Before we talk about bitcoin, let’s talk about money. At its core, money is something that represents value. If I work for you, you give me money in exchange for the value I gave you. I can then use that money to get value from someone else in the future. Over the years, storing value has come in different shapes and forms, such as salt, wheat and of course gold have all been used as a medium of exchange, however in order for something to represent value, people must believe that it’s valuable, and that it will stay valuable in the future.
Up until a hundred years ago or so we always trusted in someThing to represent money.
However something happened along the way and we’ve changed our trust model from trusting someTHING to trusting in someONE.

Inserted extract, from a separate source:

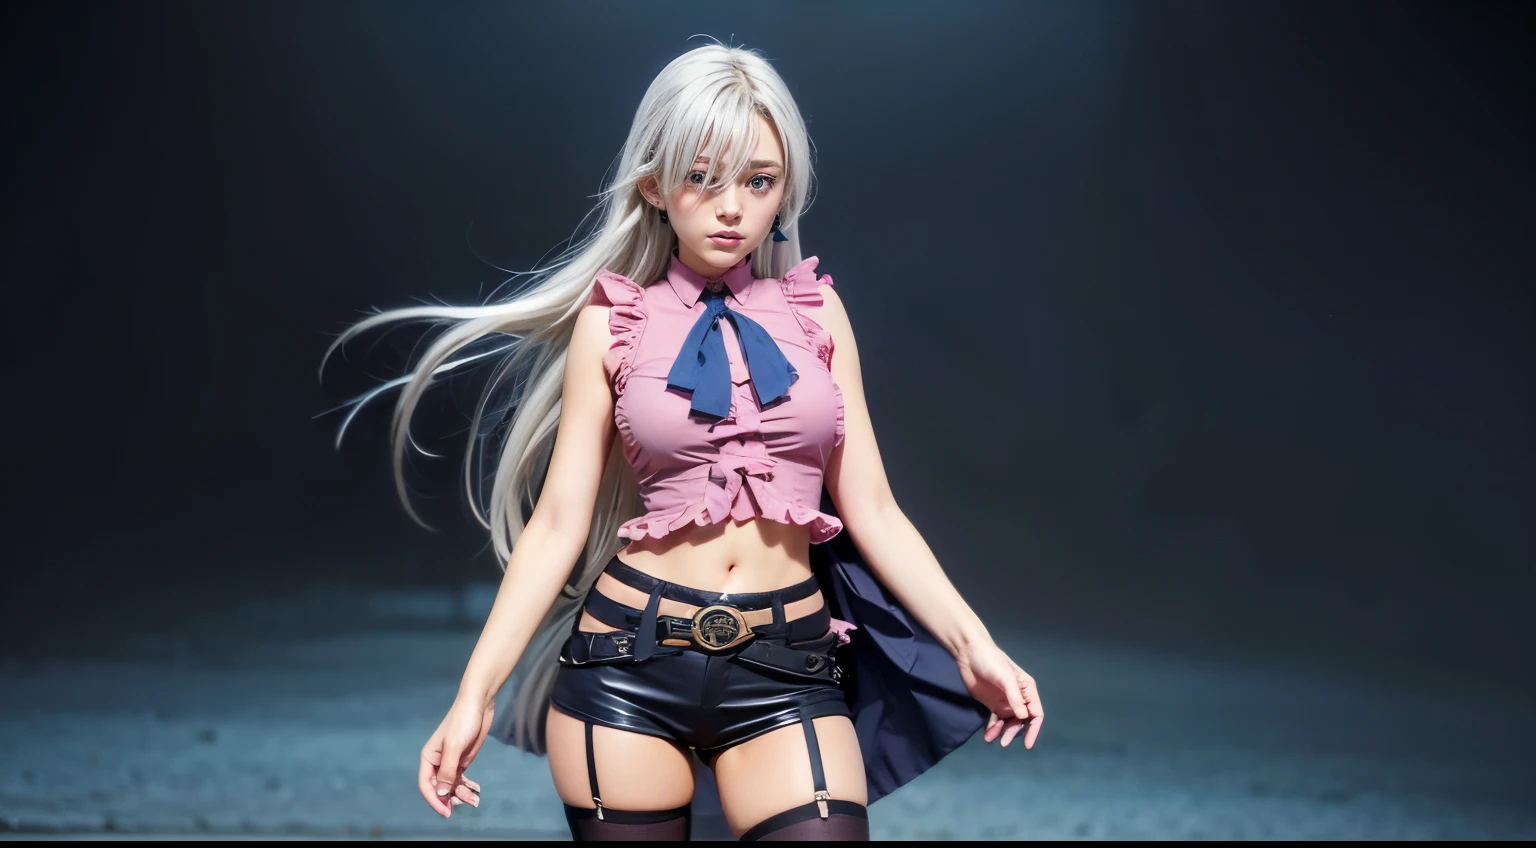 Silver hair, blue eyes, light skin, pink ruffled sleeveless blouse with blue bow, black shorts with belt and buckle, thigh-high black stocking on right leg, turquoise earrings, hand touching blue bow, (covered eye by hair:1.3), Elizabeth, upper body

Over time, people found it too cumbersome to walk around the world carrying bars of gold or other forms of money, so paper money was invented.
Here’s how it worked:
A bank or government would offer to take possession of your bar of gold; let’s say worth $1,000, and in return, that bank would give you receipt certificates, which we call bills, amounting to $1000. Not only were these pieces of paper much easier to carry, but you could spend a dollar on a cup of coffee and not have to cut your gold bar into a thousand pieces. If you wanted your gold back, you simply took $1000 in bills back to the bank to redeem them for the actual form of money, in this case that gold bar, whenever you needed… And so, paper money was born as an instrument of practicality and convenience.
However as time went by, and due to macroeconomic changes, this bond between the paper receipt and the gold it stands for was broken. Over time governments told their citizens that the government itself would be liable for the value of that paper money.